Eskom’s high emissions, together with high import taxes and steep prices, detract from the allure of electric vehicles.
Based on Eskom data, the little BMW i3 indirectly generates more than 13.5kg of carbon dioxide emissions for every 100km it travels. Image: Jasper Juinen/Bloomberg

The specifications of electric cars shows a vast improvement in their efficiency and performance in just a few years. The cars are faster, have longer ranges and boast more features, while most of them are as sexy as supermodels.

Unfortunately, sales of hybrid and electric cars are growing much more slowly here than in the rest of the world. Motorists are apparently not sold on the practicality of an electric car yet as we travel longer distances in SA and charging points are still few and far between.

Then there’s the price issue – fully electric and hybrid cars are very expensive relative to the very big range of traditional cars in SA.

In addition, people who care about the environment and know how to work a calculator would have realised that an electric car does not offer the best green solution in SA.

The saying that a green car only moves emissions from a car’s exhaust pipe to a power station’s chimney is more applicable in SA than any other country in the world.

The highly trained and experienced engineers at extremely competitive motor manufacturers are simply better at building efficient machines than the engineers at Eskom.

Electric cars and hybrids are expensive

According to the car guide published by Car Magazine (CARmag), which shows all the new car models currently available in SA, there are nine manufacturers that offer 48 different models with either electric or hybrid engines.

The cheapest is the rather aged Toyota Prius at more than R500 000, while most have a price tag way higher than R1 million.

Surprisingly, the most expensive electric/petrol car is the Ferrari SF90 Stradale at R10.5 million.

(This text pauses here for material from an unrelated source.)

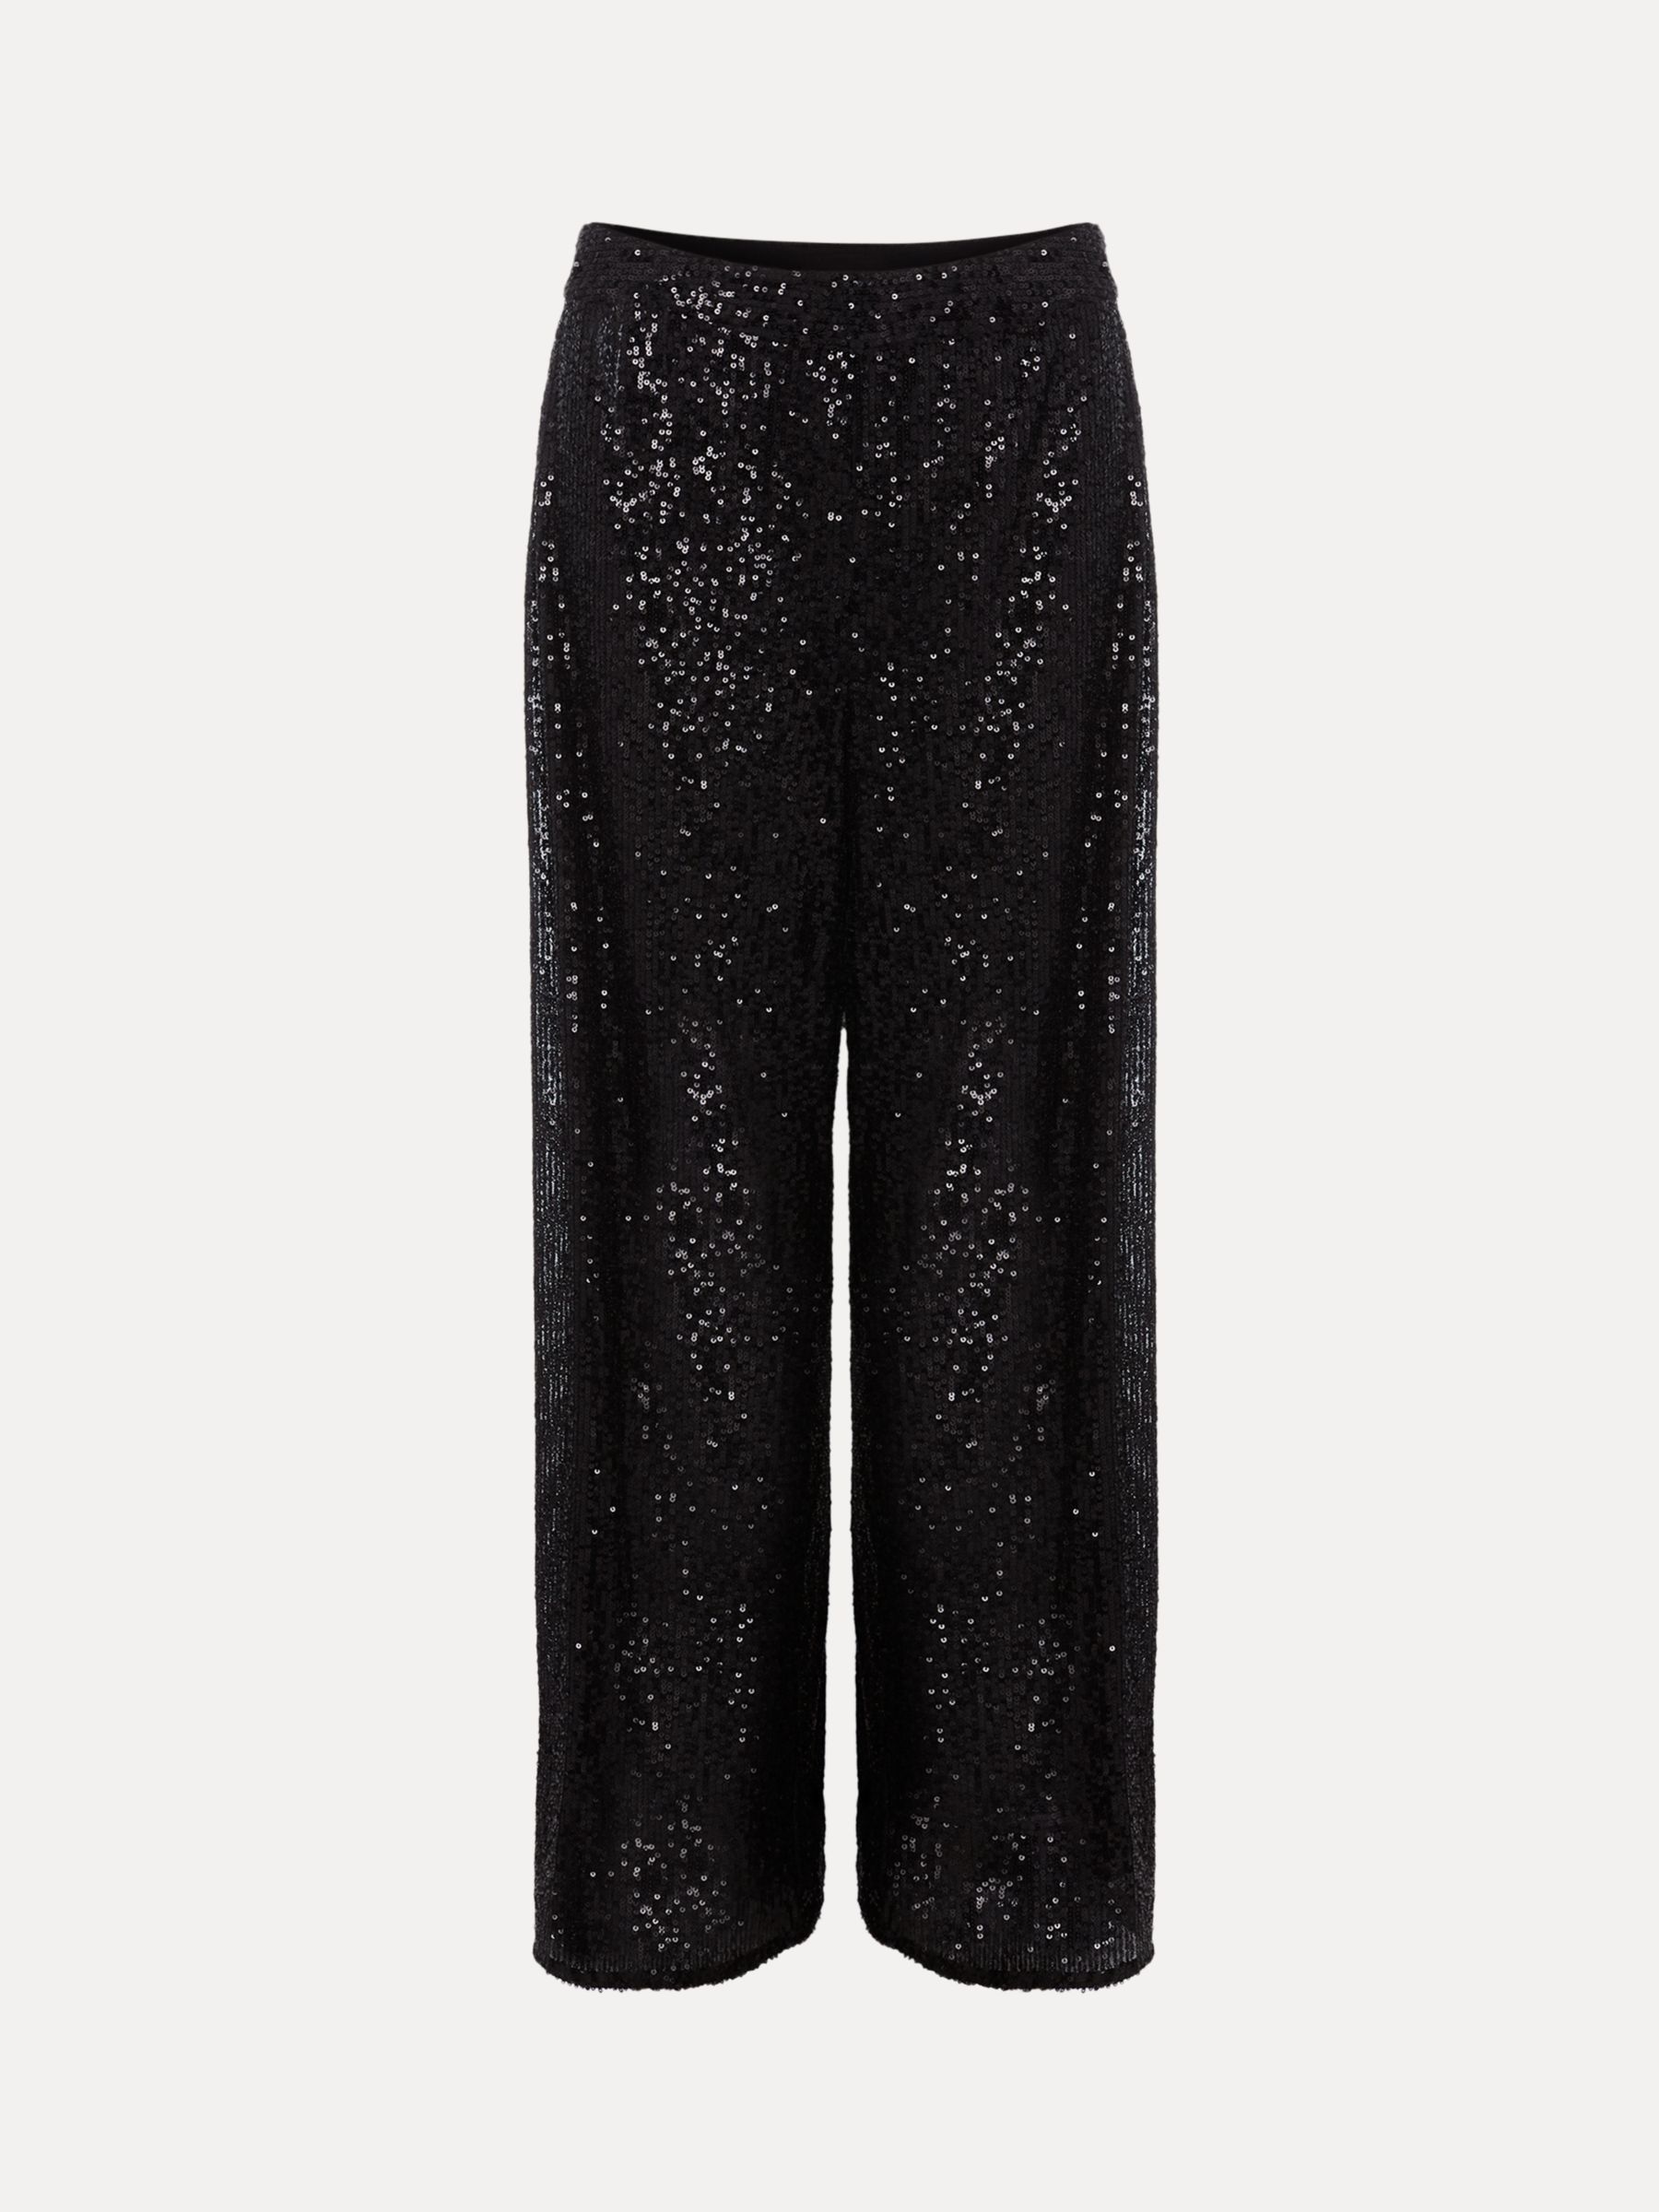 Buy Phase Eight Florentine Sequin Wide Leg Trousers, Black Online at johnlewis.com
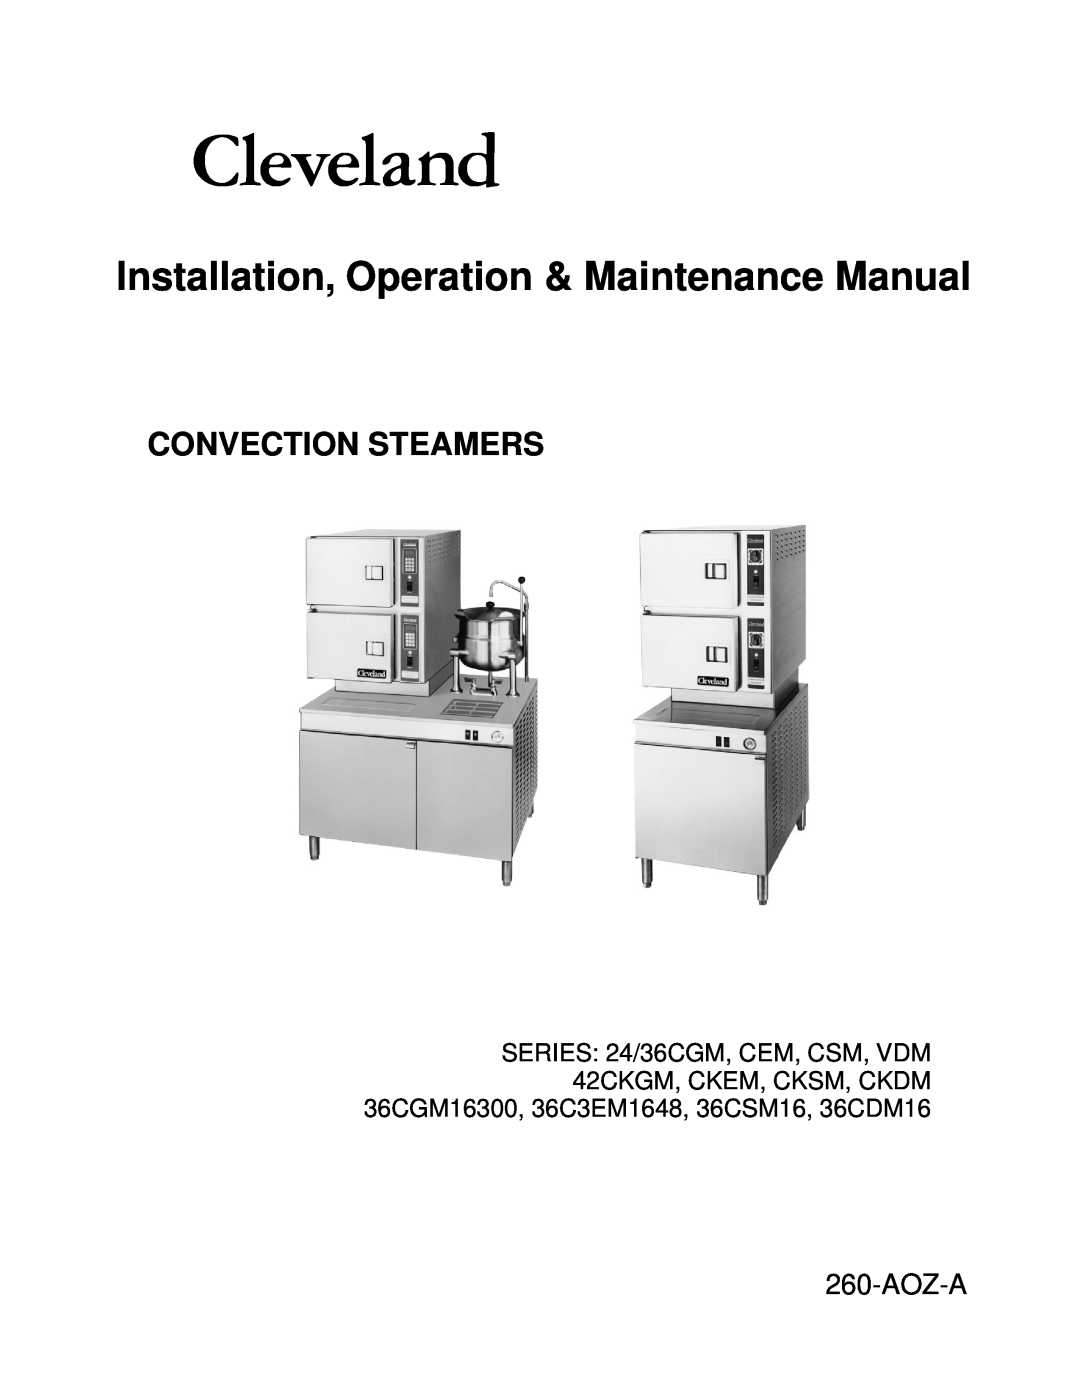 Cleveland Range 24/36CGM manual Installation, Operation & Maintenance Manual, Convection Steamers, Aoz-A

It is also the most expensive car listed, except for one Lamborghini that pips it to the post by R750 000. The Ferrari SF90 Stradale is more than R2 million more expensive than its second most expensive sister, the 812 GTS.

Given the price tag, it is safe to assume that running costs are not the prime concern of any prospective SF90 owner. Neither is the environment: Ferrari stuck a 4-litre V8 engine in its green car to ensure a top speed of 340km/h, and it still spews out 15.4kg of CO2 emissions per 100km.

Electric and hybrid car prices
Model Price (R)
Toyota Prius  518 200
Mini Cooper  642 000
Lexus UX250  690 300
BMW i3  721 700
Lexus ES300  789 800
BMW i3 Rex  811 000
Lexus IS300  843 000
Lexus NX300  971 200
Land Rover Discovery Sport 1 197 000
Lexus RX450 1 368 900
Volvo XC90 1 407 000
BMW X5 1 460 000
Jaguar I-Pace 1 717 300
Land Rover Range Rover Sport 1 785 000
BMW 745 1 946 300
Porsche Cayenne 2 019 000
Porsche Cayenne Coupe 2 109 000
Land Rover Range Rover 2 408 300
Porsche Panamera 2 529 000
Porsche Taycan 2 537 000
Ferrari SF90 10 535 300

Source: Data from CARmag

The table includes only the cheapest variant of the different models offered by each manufacturer. For instance, Land Rover offers 18 different variants with hybrid power plants in three model ranges. The Range Rover Vogue hybrid is priced at just above R2.4 million and the most expensive hybrid Range Rover at over R4.5 million.

While proponents of electric and hybrid cars complain about high import taxes – a host of countries subsidise greener cars – the fact is that the prices are very high relative to petrol and diesel cars.

Porsche launched a pure electric car to supplement its earlier hybrids. The cheapest Taycan sells for between R2.5 million and the most expensive for nearly R4 million.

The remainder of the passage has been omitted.